Defined by formula (1), they also satisfy formula (2).

We know how to directly sample the bottom layer conditional on other layers using the formula above; but to perform inference, we also need the conditional distribution of the output given the input.

Finally, we emphasize that while the kth layer of the Deep Boltzmann Machine depends on the k+1 and k-1 layers, in the Deep Belief Network, if we only condition on the k+1 layer, we can accurately generate the kth layer (without conditioning on other layers).

Lesson Plan

In this course, our main topics of discussion are:

  • Depth of expression
  • Computational issues
  • Simple and analyzable generative model

The first topic emphasizes the expressiveness of neural networks: what types of functions can be approximated by the network? The papers we plan to discuss are:

  • Cybenko, “Approximation of additive activation functions” (89).
  • Hornik, “Approximation Power of Multilayer Feedforward Networks” (91).
  • Telgarsky's "The Representational Advantage of Deep Forward Networks" (15).
  • Safran and Shamir, "Deep Disentangling of ReLU Networks" (16).
  • Cohen, Or, and Shashua, “On the expressiveness of deep learning: A tensor analysis” (15).

The first two papers (which we will discuss in detail later in the course) demonstrate the idea that you can express anything with just a single layer. However, the next few papers show that this single layer must be very wide, which we will show later in the course.

Regarding the second topic, what we discuss in this course regarding complexity results might include:

  • Livni, Shalev Schwartz, and Shamir, “On the computational efficiency of training neural networks” (14).
  • Danieli and Shalev-Schwartz, “Complexity-theoretic limits on learning DNF” (16).
  • Shamir, “Distribution-Specific Complexity of Learning Neural Networks” (16).

In terms of algorithms:

  • Janzamin, Sedghi, and Anandkumar, “Efficient training of neural networks using tensor methods” (16).
  • Hardt, Recht, and Singer, “Faster training, better generalization” (16).
  • Finally, the papers we will read on generative models will include:
  • Arora et al. (2014) "Learning Provable Constraints on Some Deep Representations".
  • Mossel (2016) "Deep Learning and Generative Hierarchical Models".

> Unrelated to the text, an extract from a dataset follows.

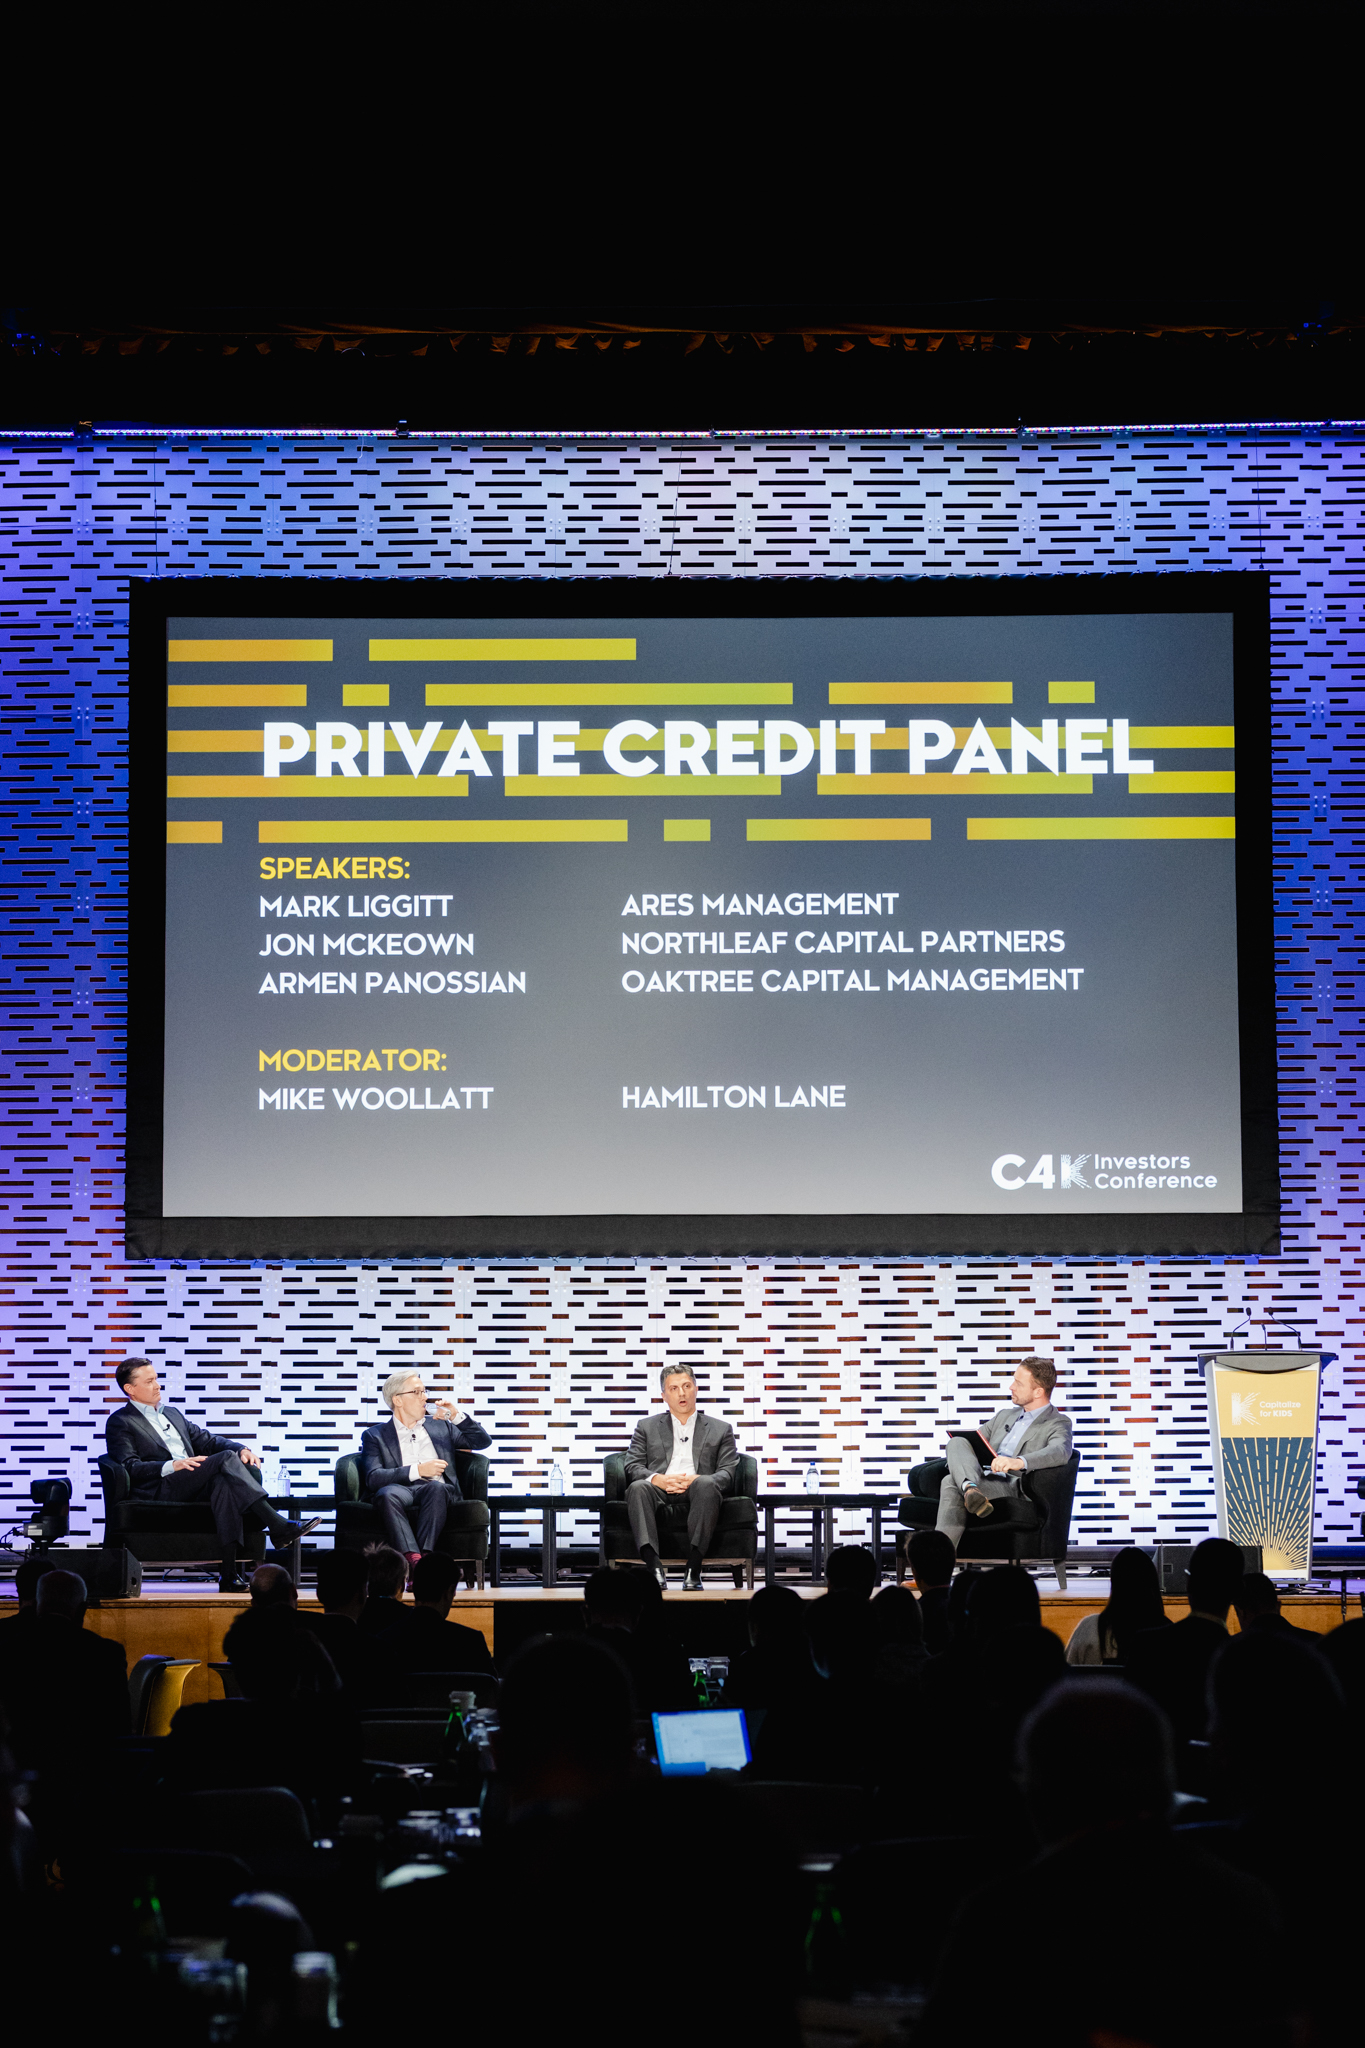 Conference participants on stage at a private credit panel.
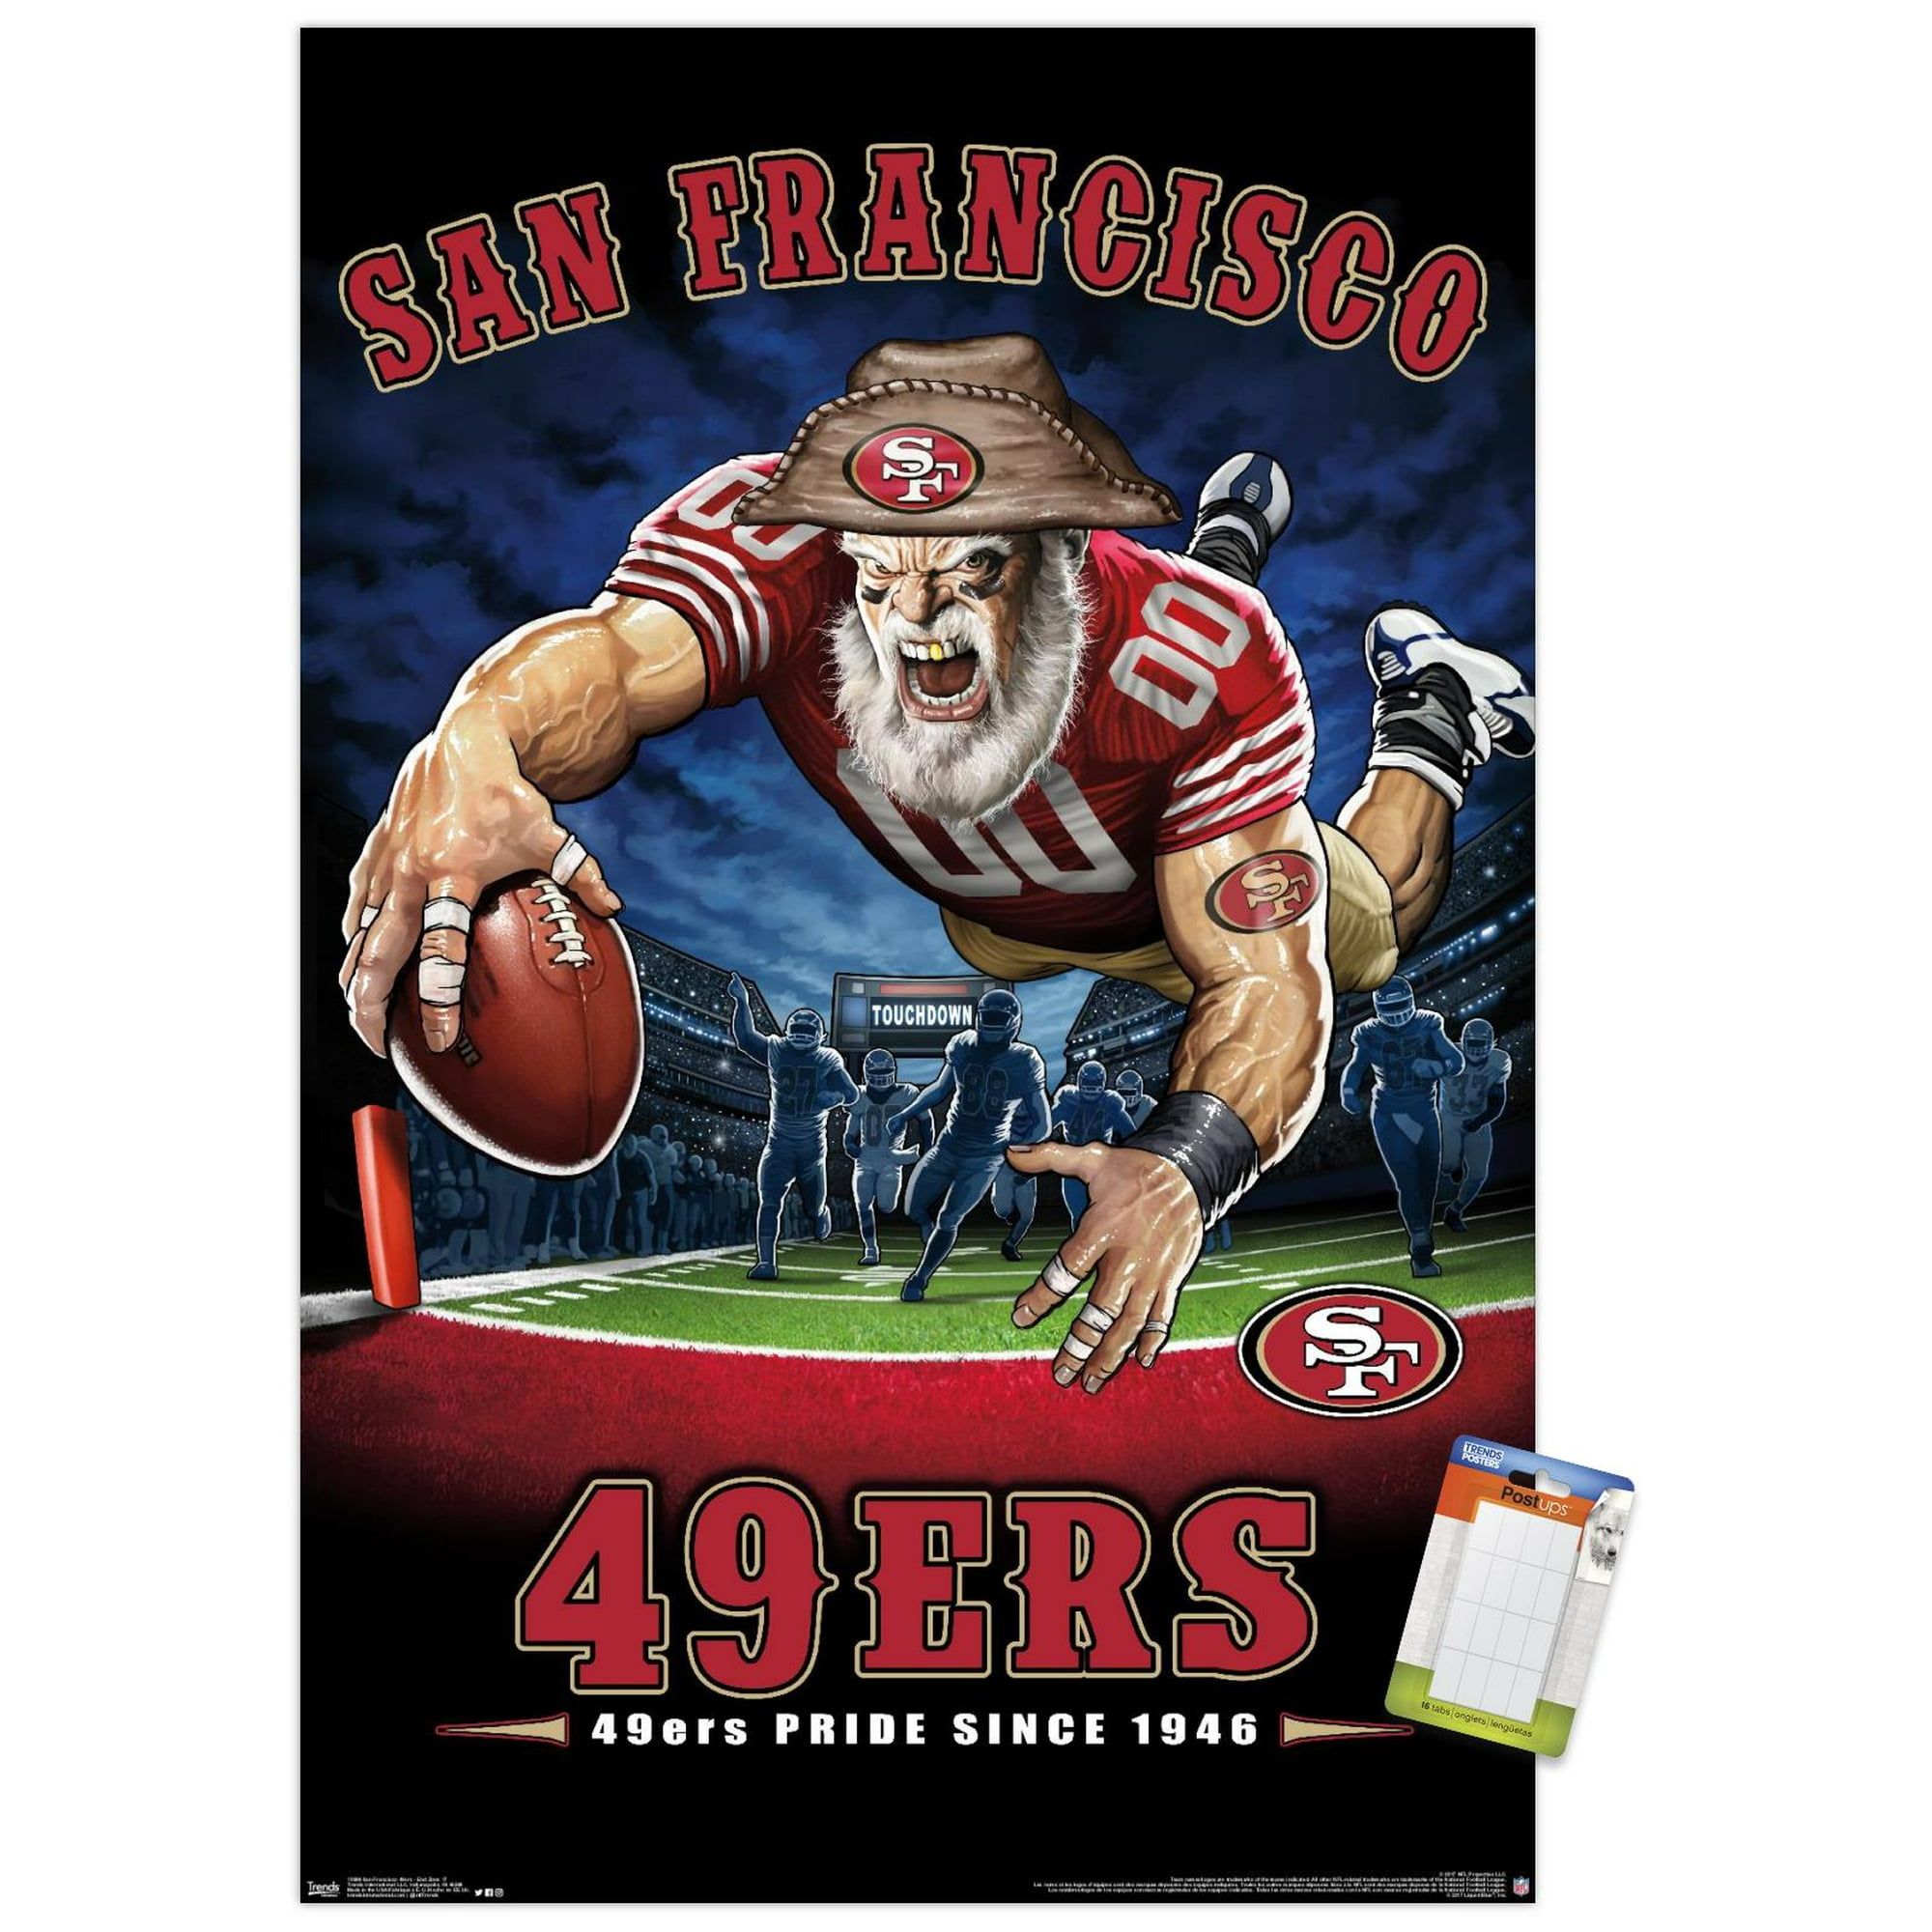 NFL San Francisco 49ers - End Zone 17 Wall Poster, 22.375' x 34'

Today we will start looking at the first two papers on the first topic: those by Cybenko and Hornik.

Cybenko and Hornik's theory

In his 1989 paper, Cybenko proved the following:

[Cybenko (89)] Let σ be a continuous function with limits limt→–∞σ(t)=0 and limt→+∞σ(t)=1. (For example, σ can be an activation function with σ(t)=1/(1+e−t)) Then, the family of functions of the form f(x)=∑αjσ(wTjx+bj) is dense in Cn([0,1]).

Among them, Cn([0,1])=C([0,1]n) is the space of continuous functions from [0,1]n to [0,1], which has d(f,g)=sup|f(x)−g(x)|.

Hornik proved the following derivative of Cybenko:

[Hornik (91)] Consider the family of functions defined by the above theorem, but with no conditions on σ.

If σ is bounded and non-continuous, then the family of functions is dense in the space Lp(μ), where μ is any finite measure on Rk.

If σ is conditionally continuous, then the family of functions is dense in the space C(X), where C(X) is the space of all continuous functions on X and X⊂Rk is a set that satisfies a finite open cover (compact set).

If we add σ∈Cm(Rk), then the family of functions is dense in the space Cm(Rk) and C^{m,p}(μ), satisfying the finite open cover condition for any finite μ.

If the additional derivative of σ to order m is bounded, then for any finite measure μ on Rk, the family of functions is dense in C^{m,p}(μ).

In the above theory, Lp(μ) space is the space of functions f that satisfy ∫|f|pdμ<∞, and d(f,g)=(∫|f−g|pdμ)1/p. Before starting the proof, we need to quickly review the knowledge of function analysis.

Hahn-Banach extension theorem

If V is a standard vector space with linear subspaces U and z∈V∖U¯, then there exists a continuous linear map L:V→K with L(x) = 0, with L(z) = 1 for all x∈U, and ‖L‖≤d(U,z).

Why is this theorem useful? Cybenko and Hornik's result is proved by contradiction using the Hahn-Banach extension theorem. We consider the subspace U given by {Σαjσ(wTjx + bj)}, and we assume by contradiction that U¯ is not the entire function space. We conclude that there exists a continuous linear map L on our function space that is restricted to zero on U¯, but is not always zero. In other words, it suffices to show that any continuous linear map L that is zero on U must be the zero map, proving our desired result.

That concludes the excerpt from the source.